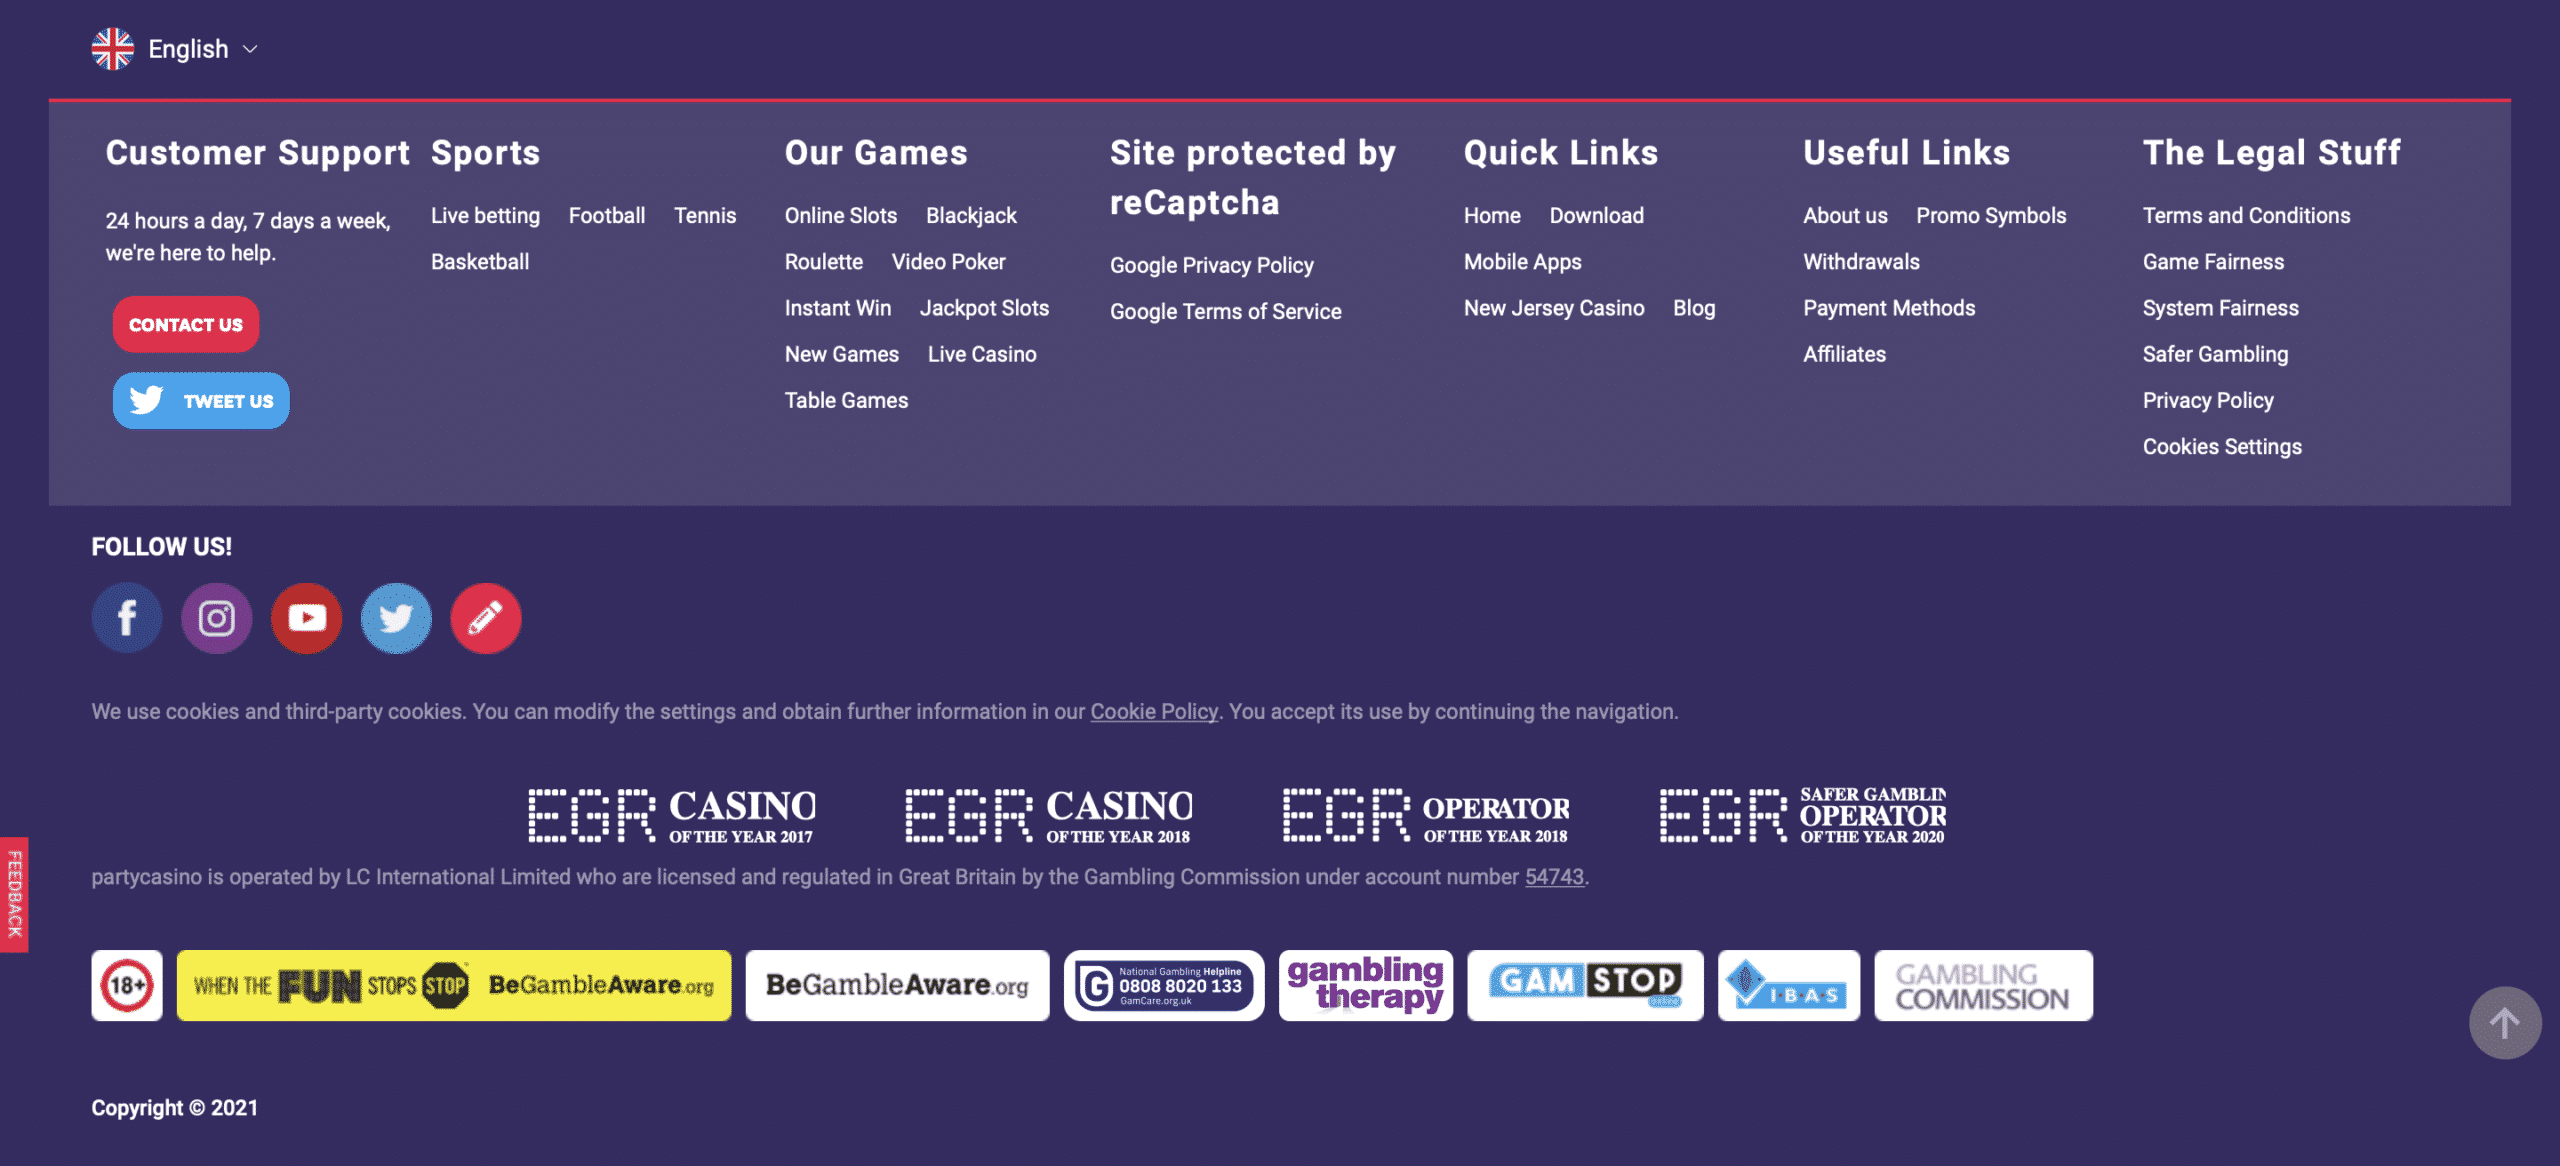 PartyCasino UKGC License Information
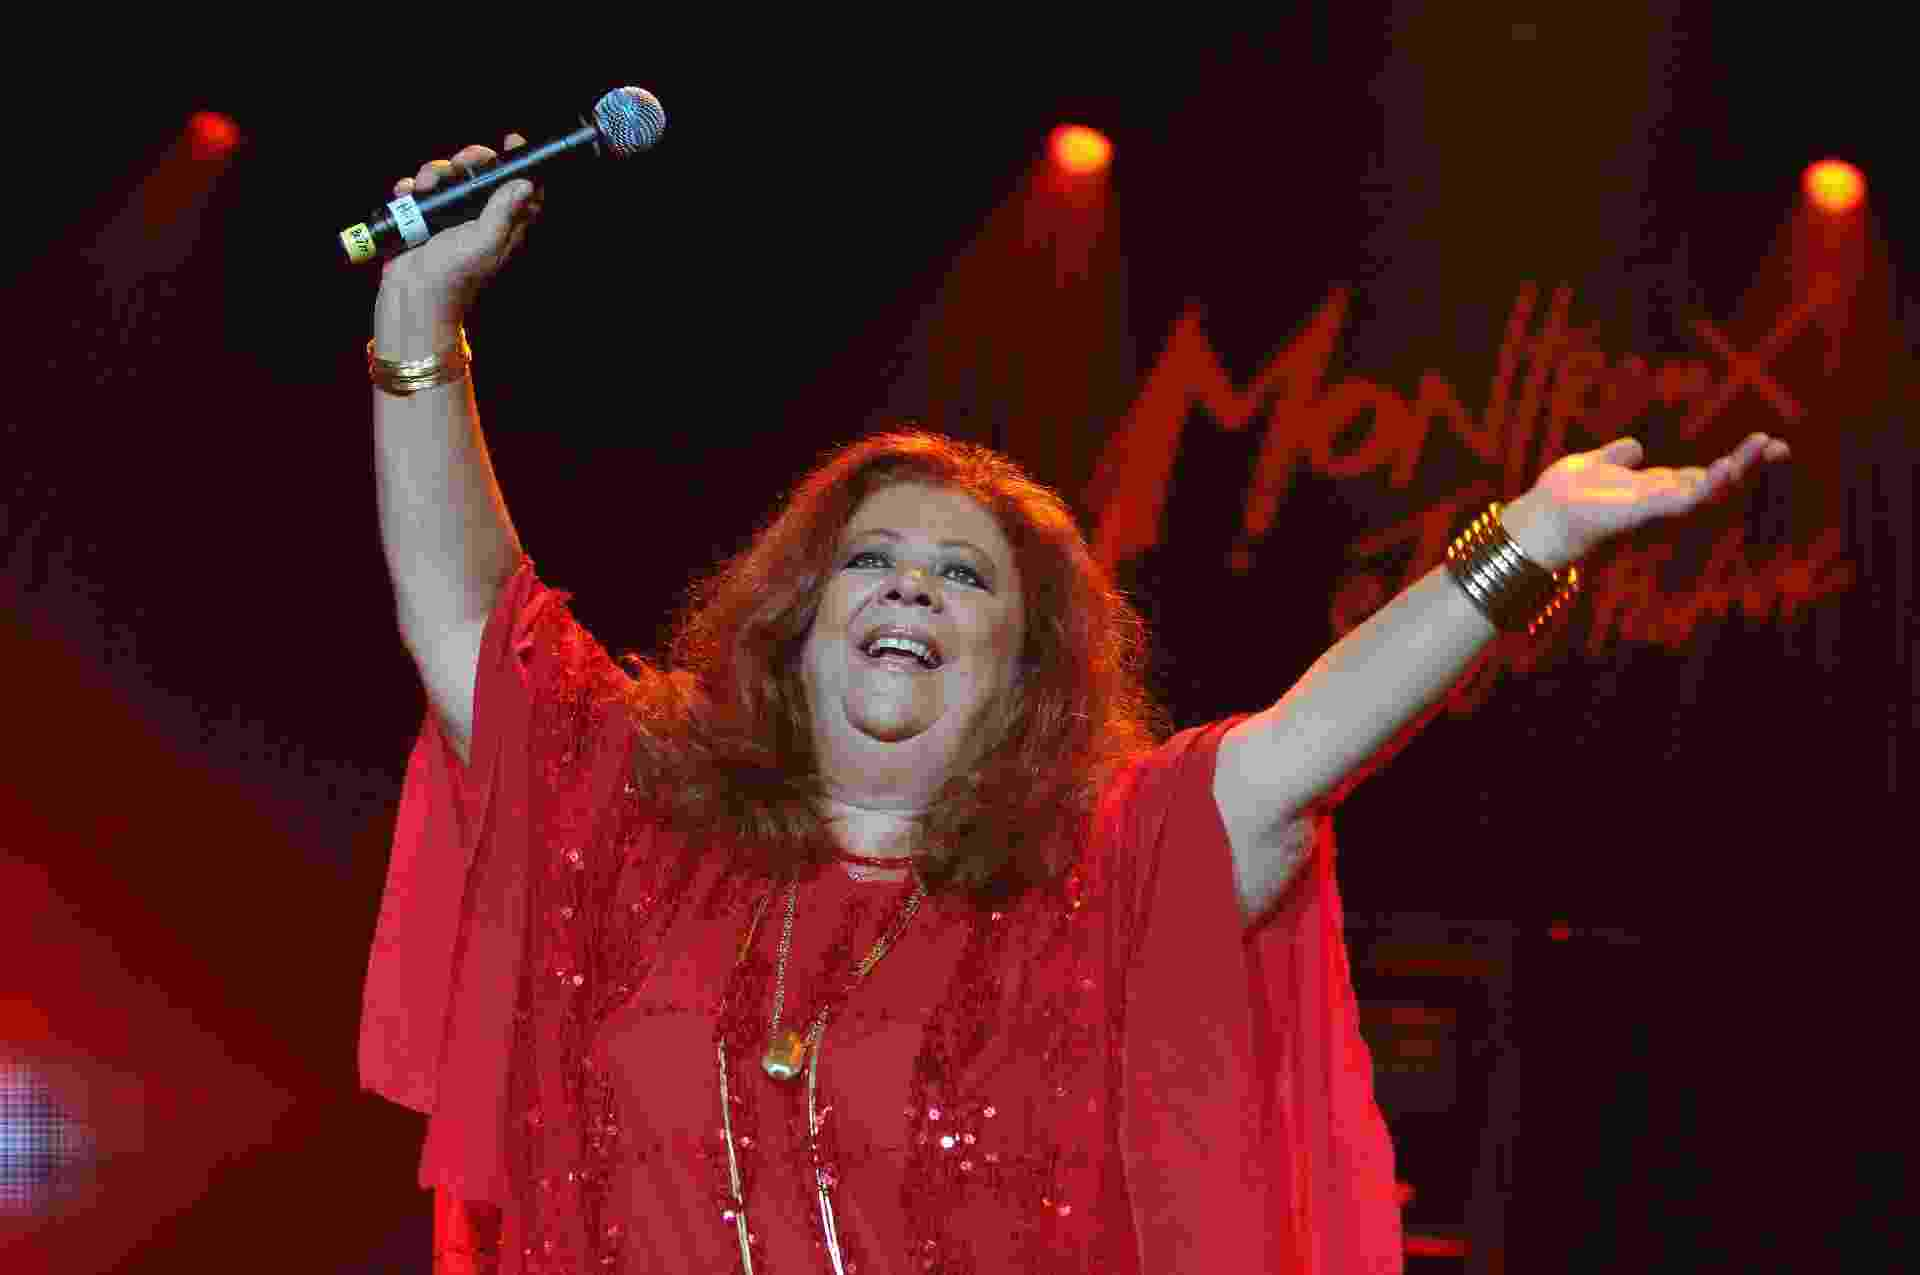 Beth Carvalho se apresentou no Montreux Jazz Festival, na Suíça, em julho de 2007 - Lionel FLUSIN/Gamma-Rapho via Getty Images
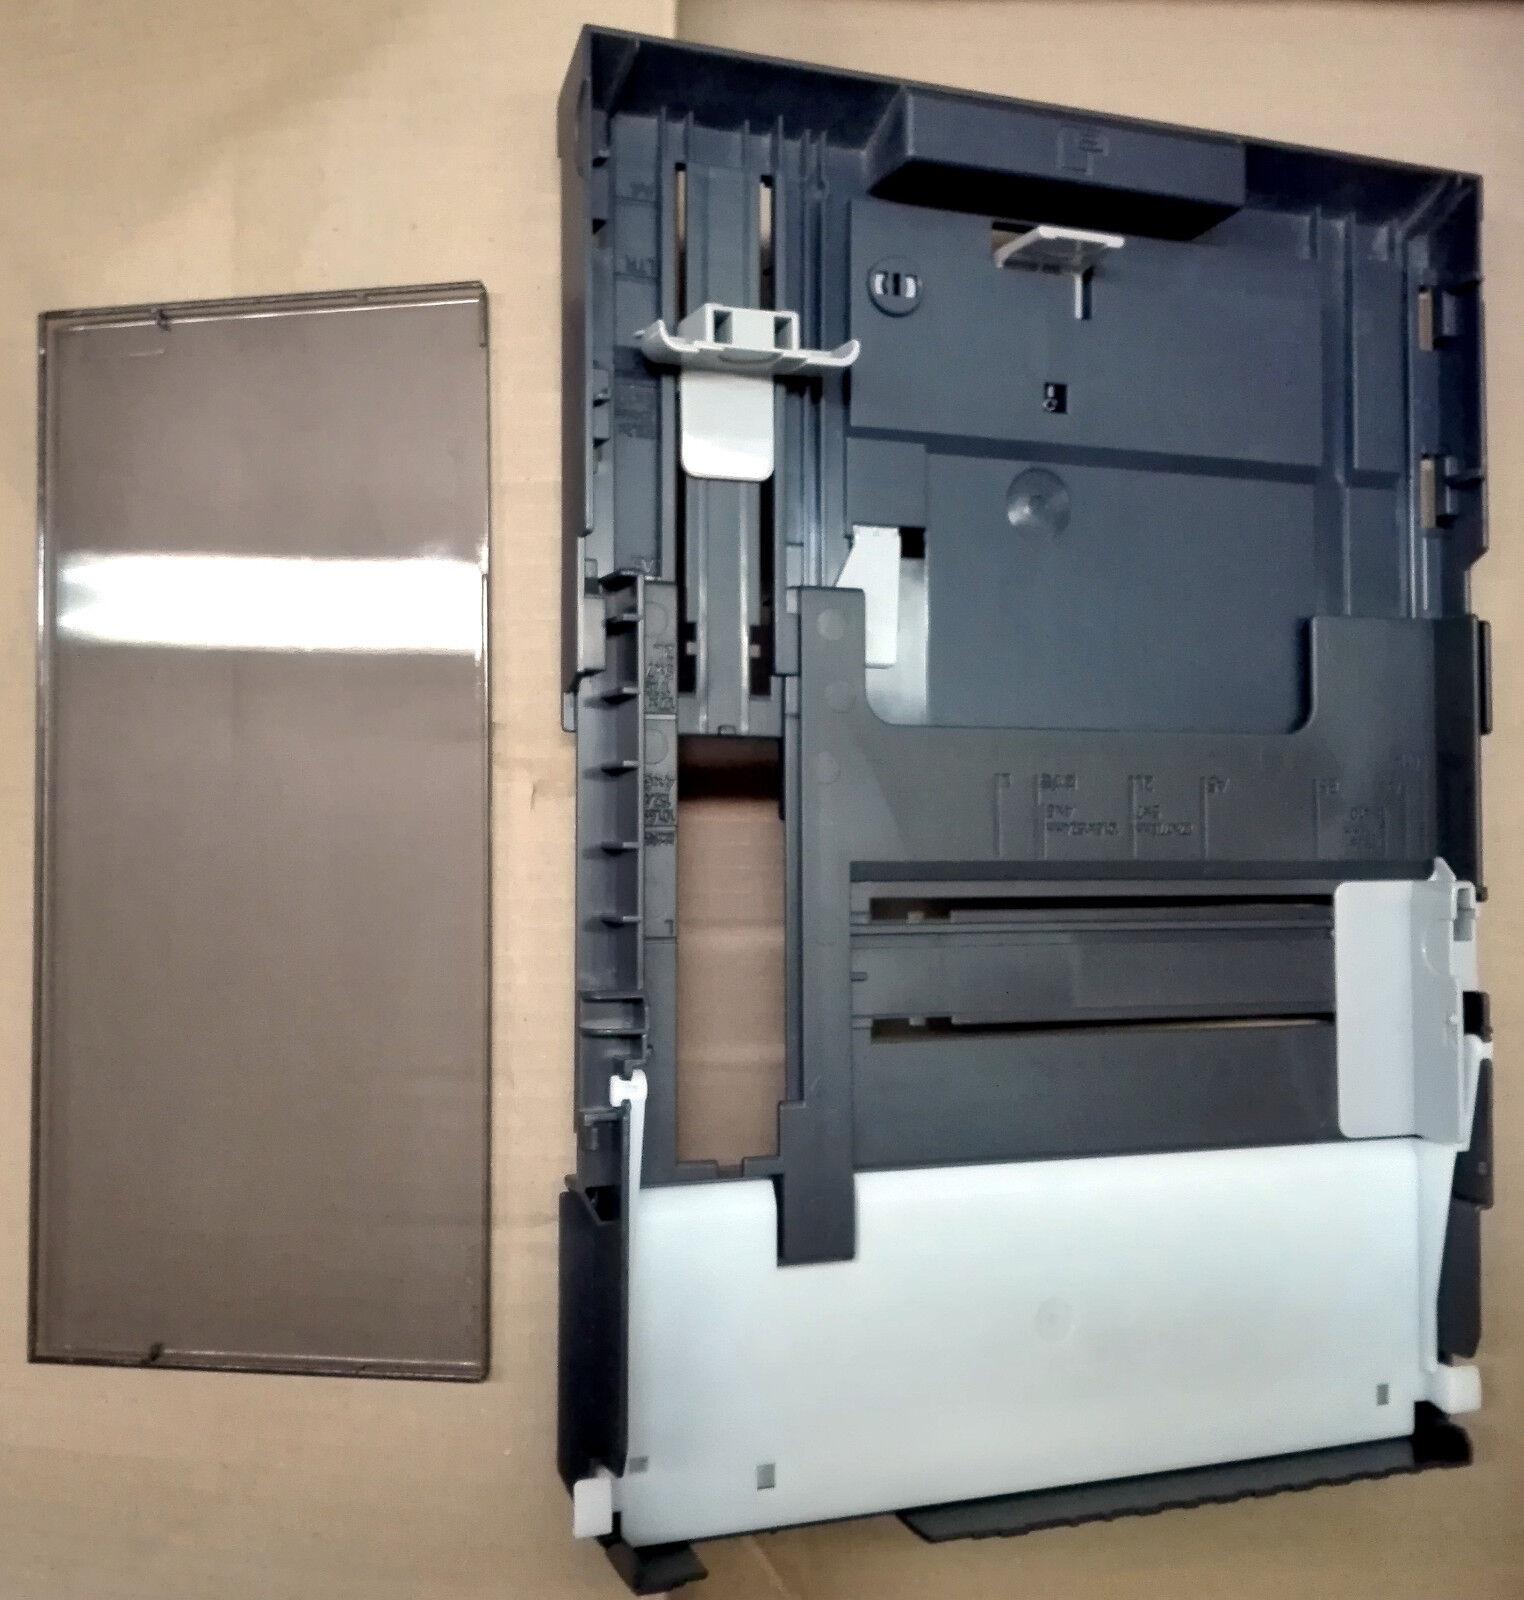 Vassoi vassoio carta feeder stampante per Canon Pixma iP4300 A1180 T3-2
________
Assignment
Once the line containing "Beth Carvalho se" has been found, write out exactly that line and each one after it through the end of the data, leaving out every picture.

Written solution
 Beth Carvalho se apresentou no Montreux Jazz Festival, na Suíça, em julho de 2007 - Lionel FLUSIN/Gamma-Rapho via Getty Images
 Vassoi vassoio carta feeder stampante per Canon Pixma iP4300 A1180 T3-2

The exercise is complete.